Three-dimensional (3D) video can provide a complete scene structure to human eyes by transmitting several views simultaneously. In 3D video systems, multiview video coding (MVC) plays a critical role because huge amount of data make compression necessary. In this dissertation, MVC is studied at three different levels: algorithm level, VLSI architecture level, and system design level. According to the research relevance between hardware-oriented algorithms and VLSI architectures, several proposed algorithms and their corresponding architectures are discussed together. Therefore, this dissertation is divided into three parts: efficient MVC algorithms, algorithm and architecture co-design of MVC prediction core, and system analysis and architecture design of MVC encoder.

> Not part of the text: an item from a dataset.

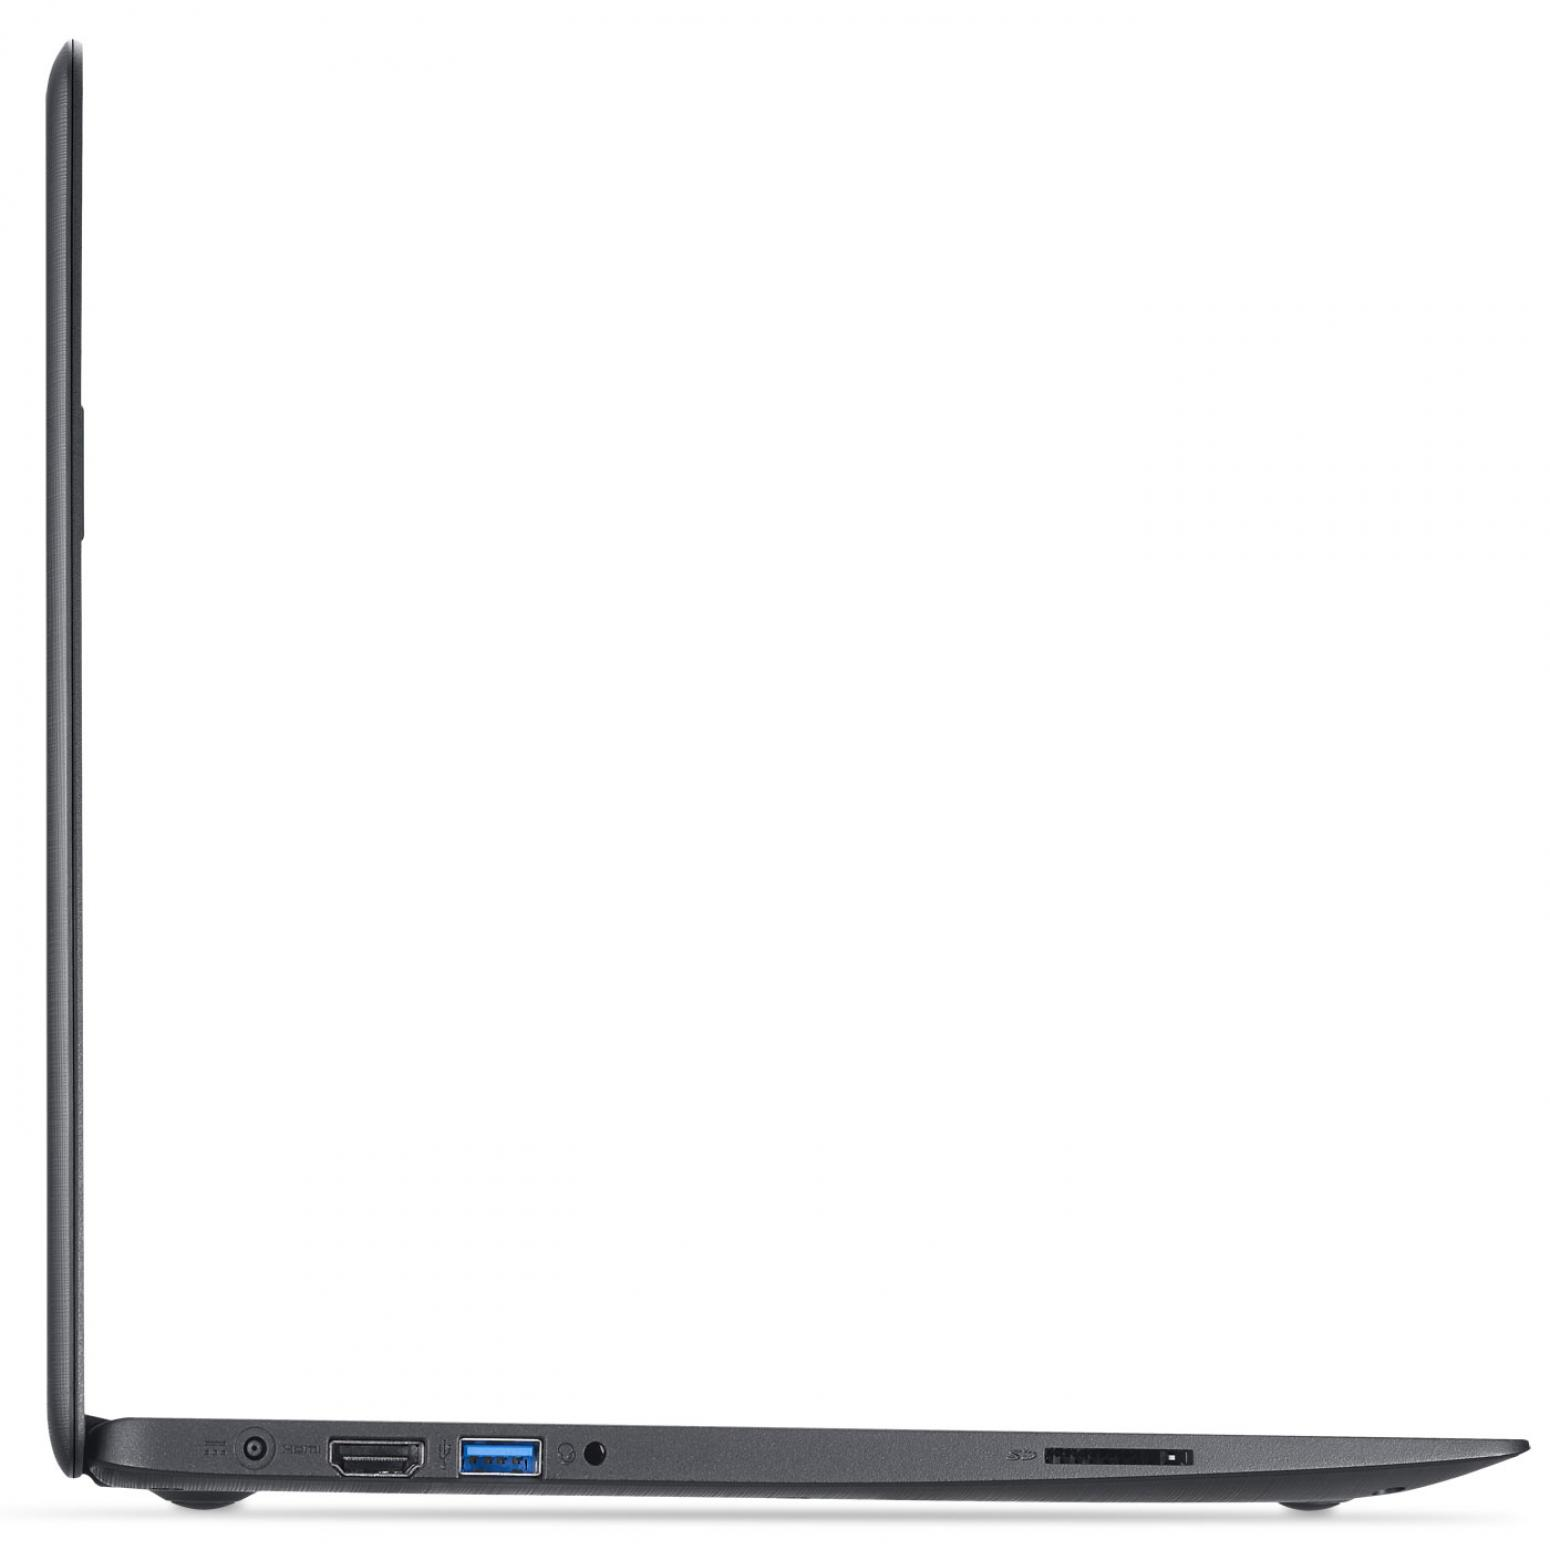 Ordinateur portable Acer Swift 1 SF114-31-P6BW Noir - photo 4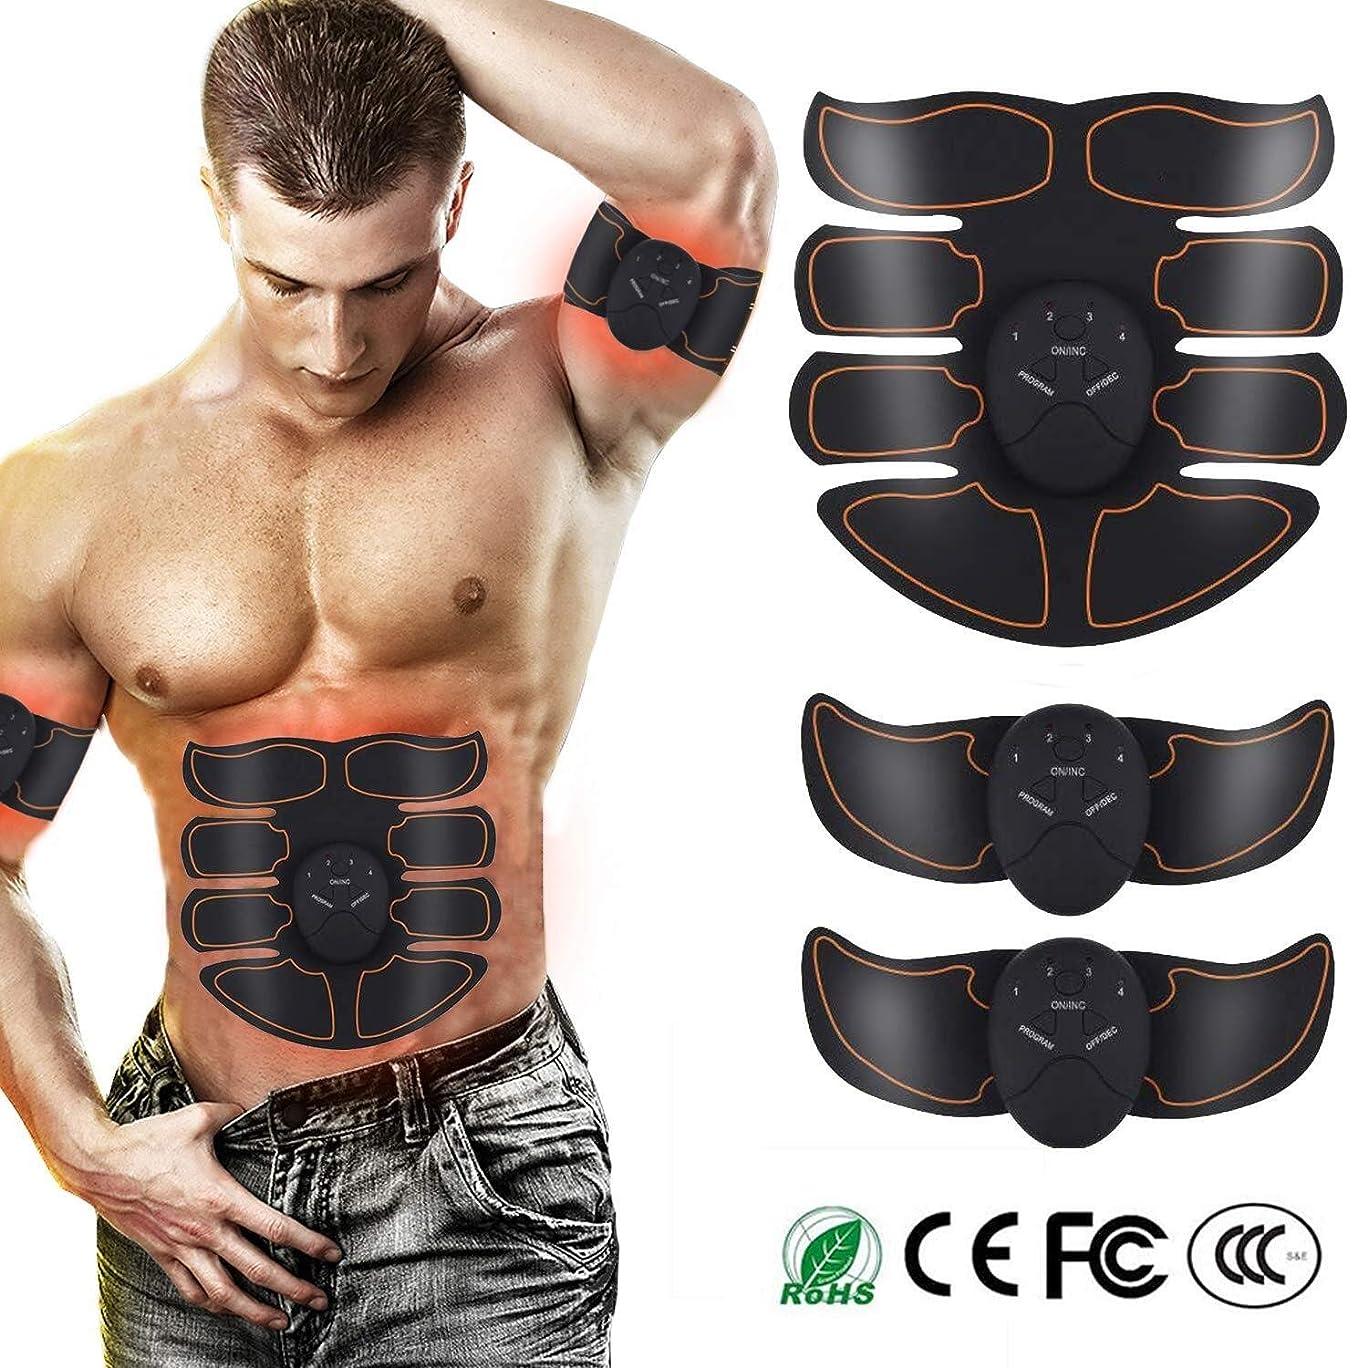 同僚工業用プレート腹筋トレーナー 筋肉刺激装置、 腹部調色ベルト、 腹部 マッスルトナー 6つのモード及び10のレベル強度 USB充電式 トレーニング機器、 に適し 体 いい結果になる 家に 事務所 ジム

In the first part of this dissertation, two new fast algorithms are developed for prediction core and color correlation. The prediction core mainly consists of motion estimation (ME) and disparity estimation (DE) to remove temporal and inter-view redundancy, respectively. We develop content-aware prediction algorithm (CAPA) for computational complexity reduction. By utilizing DE to find corresponding blocks between different views, the coding information can be effectively shared and reused from the coded view channel. It can save 98.4–99.1% computational complexity of ME in most view channels with negligible quality loss of only 0.03–0.06 dB in PSNR. In addition, we also develop an illuminance and chrominance correlation algorithm is based on motion compensated linear regression which reuses the motion information from the encoder and provides better coding gain by up to 0.4 dB.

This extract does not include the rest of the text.